VIA E-MAIL AND EDGAR
Securities and Exchange Commission
Division of Corporation Finance
Mail Stop 3010
100 F Street, N.E.
Washington, D.C. 20549
Attention:    Kevin Woody, Branch Chief
Jennifer Monick, Senior Staff Accountant
        
Re:
Hudson Pacific Properties, Inc.
Form 10-K for year ended December 31, 2012
File No. 001-34789
Ladies and Gentlemen:
On behalf of Hudson Pacific Properties, Inc. (the “Company” or “Hudson”), this letter responds to the comments of the staff (the “Staff”) of the Division of Corporation Finance of the Commission, received by e-mail on July 16, 2013 (the “Comment Letter”), with respect to the Company’s Form 10-K for the year ended December 31, 2012, which was filed with the Securities and Exchange Commission (the “Commission”) on March 14, 2013 (the “10-K”). For ease of review, we have set forth below each of the numbered comments of your letter and the Company’s responses thereto.
Item 7. Management’s Discussion and Analysis of Financial Condition and Results of Operations, page 36
General




1.
You disclose same store NOI in your Supplemental Operating and Financial Data exhibit to your Form 8-K filed March 6, 2013. Please tell us if you consider same store NOI to be [a] key operating performance measure. To the extent you believe it is a key operating performance measure, in future periodic filings, please disclose this measure within your MD&A and discuss any period over period changes in this measure. Further, your disclosure should clearly define how you determined the same store pool.
Response: The Company respectfully advises the Staff that it has included disclosure regarding same-store NOI in its Supplemental Operating and Financial Data exhibit to its Form 8-K filed March 6, 2013 primarily in response to requests from its shareholders, who are accustomed to seeing similar information from other real estate companies. While the Company includes this information as a courtesy to its shareholders and to promote comparability between Hudson and its peers, the Company does not consider same-store NOI to be a key operating performance measure for Hudson. While other companies may view this information to be a key operating performance measure, Hudson has experienced significant growth since its initial public offering on June 29, 2010, one result of which is a same-store portfolio that has typically encompassed only a fraction of the Company. For example, the same-store portfolio included in the Company’s Supplemental Operating and Financial Data exhibit to its Form 8-K filed with the Commission on March 6, 2013 included only 11 of its office properties, while the Company’s entire office portfolio consisted of a total of 19 properties. Consequently, while the same-store NOI reflected in the Supplemental Operating and Financial Data exhibit provides information regarding the performance of the portfolio captured by the analysis, the Company does not consider that information to be a key operating performance measure for the Company.

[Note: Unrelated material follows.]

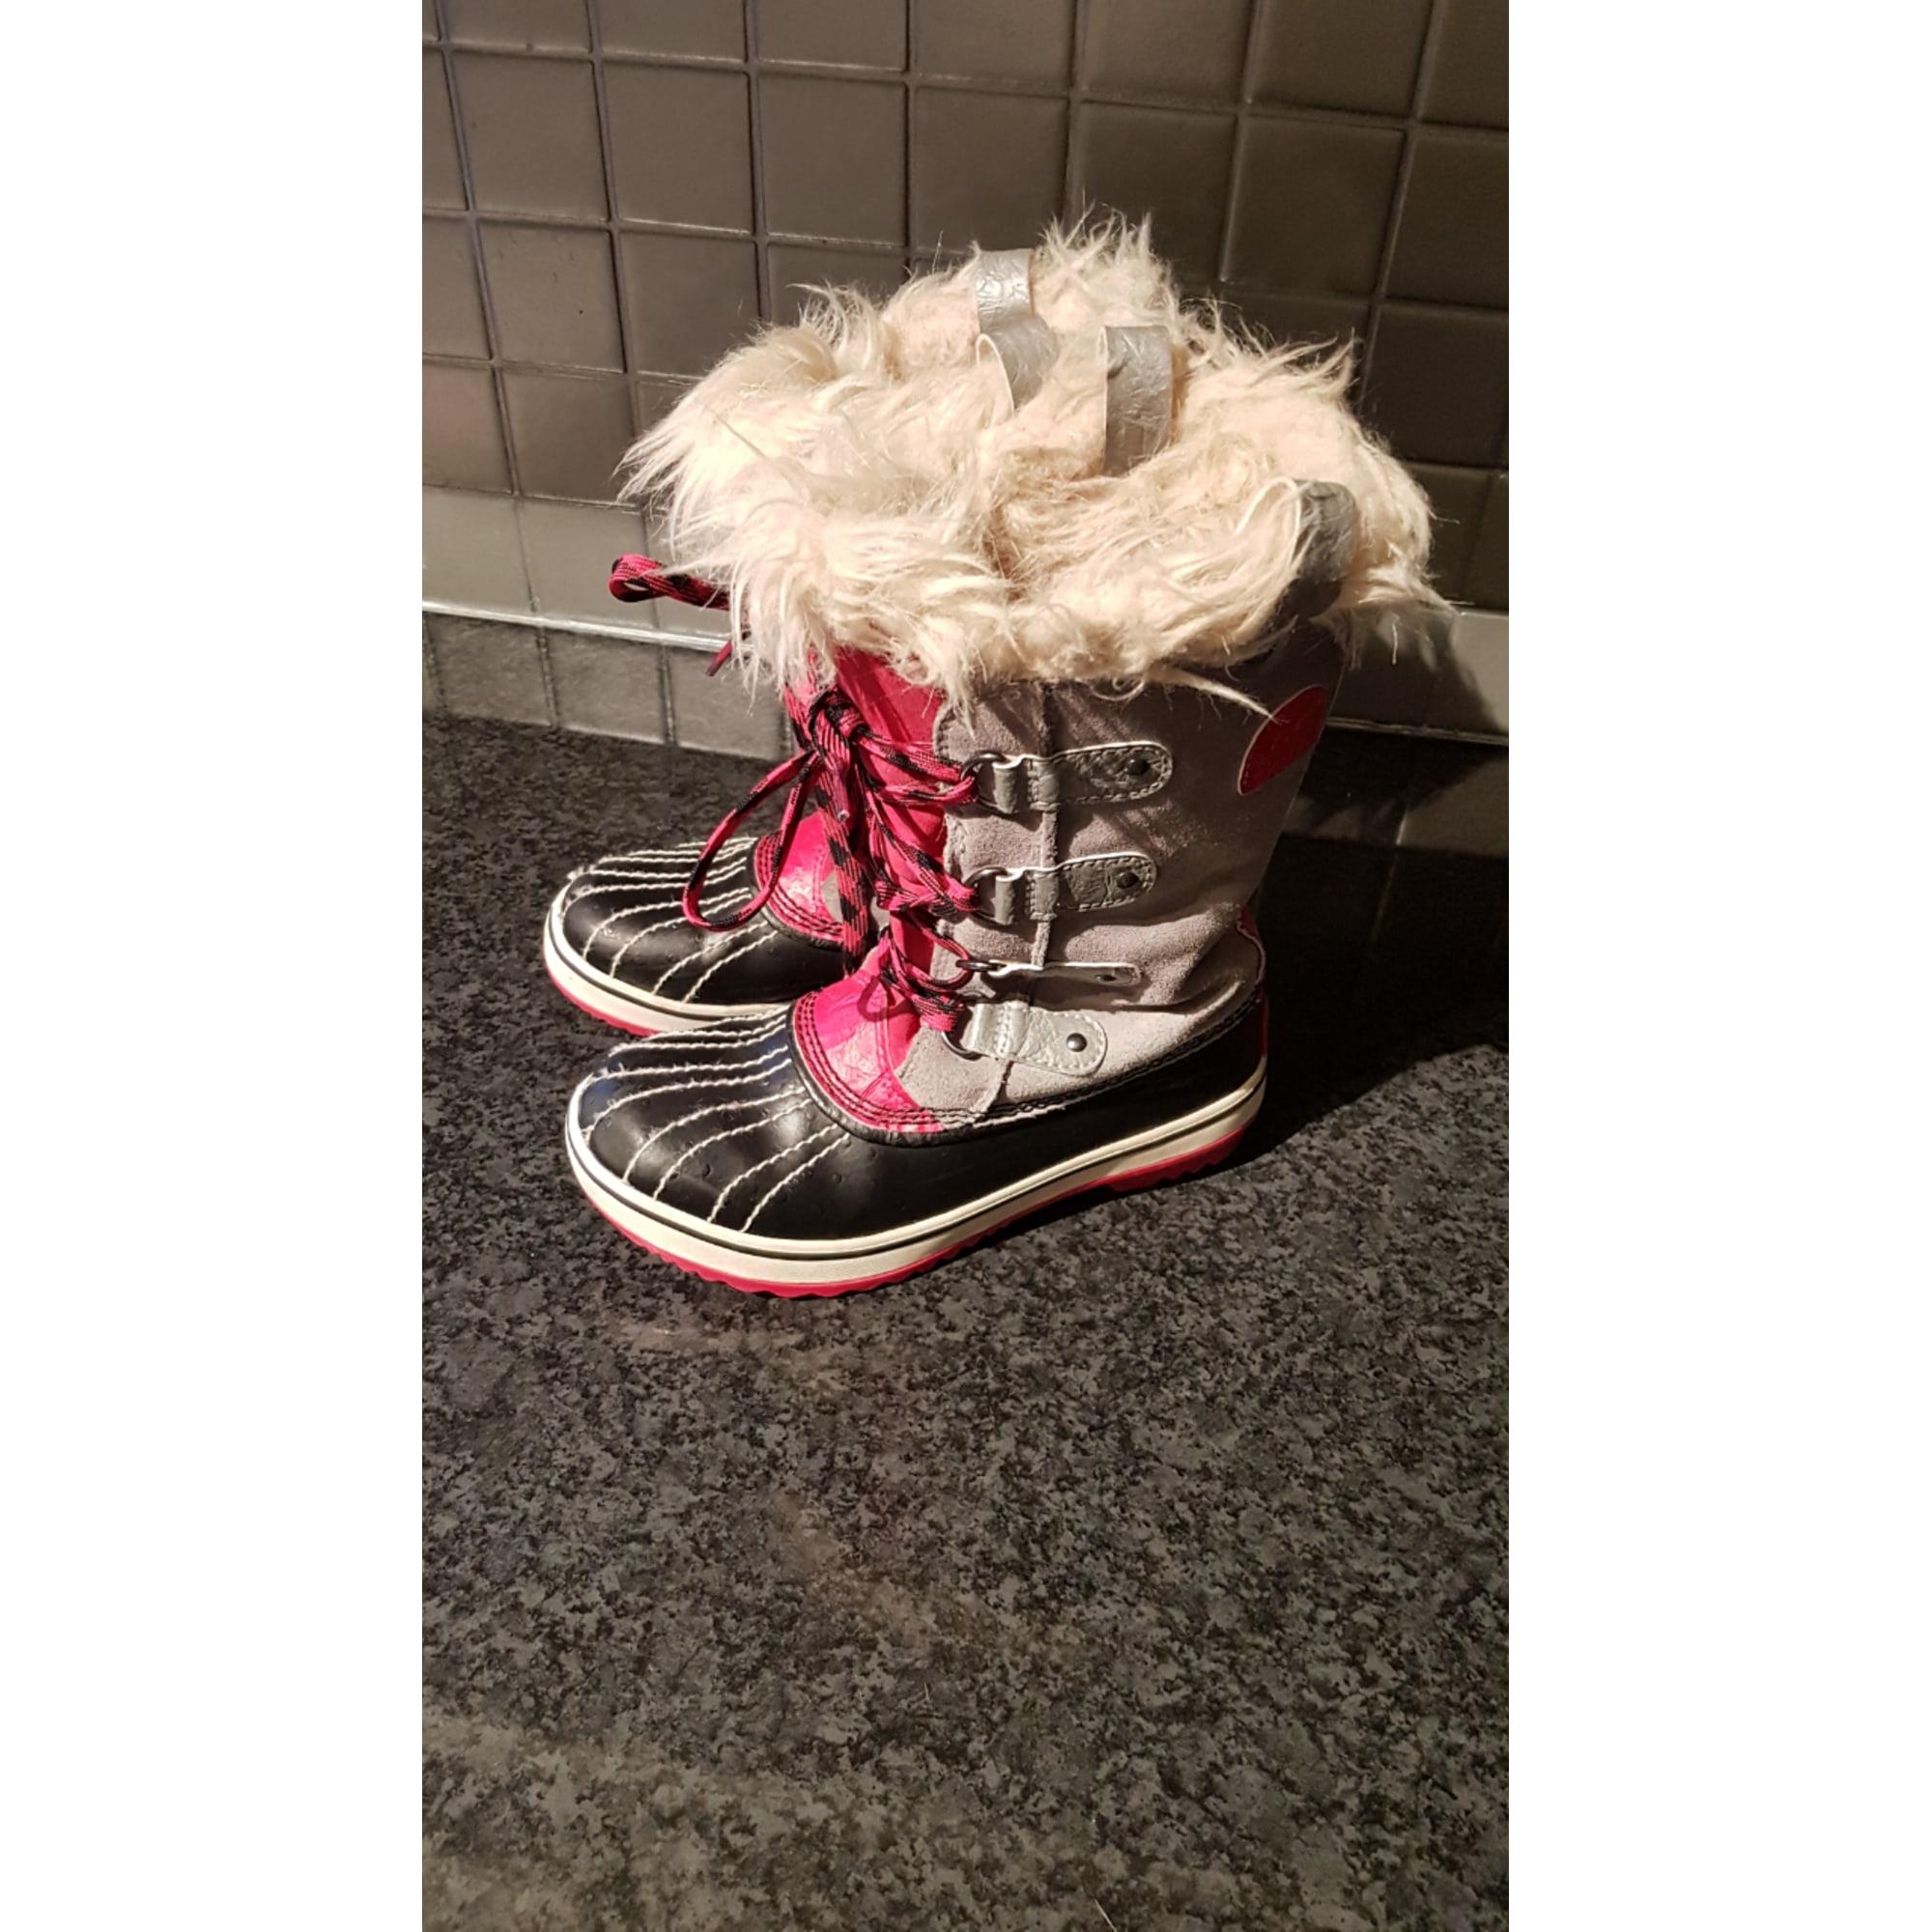 Bottes de neige SOREL cuir rose 33

Factors That May Influence Our Operating Results, page 38
Rental Revenue, page 39
2.
In future periodic filings, please disclose if any office leases that you renewed during the period were renewed at, below, or above the prior rent.
Response: In response to the Staff’s comment, in future periodic filings, the Company will provide a comparison of renewal rates under office leases executed over the most recently completed quarter to the expiring rates under those renewed leases. By way of example, the Company would anticipate including disclosure as follows:
“During the three months ended December 31, 2012, the Company renewed six office leases encompassing approximately 109,994 rentable square feet. The weighted average initial stabilized cash rents for those renewed leases were 53.4% above the expiring cash rents for the same space and the weighted average initial straight-line rents on those renewed leases were 51.3% above the expiring straight-line rents for the same space.”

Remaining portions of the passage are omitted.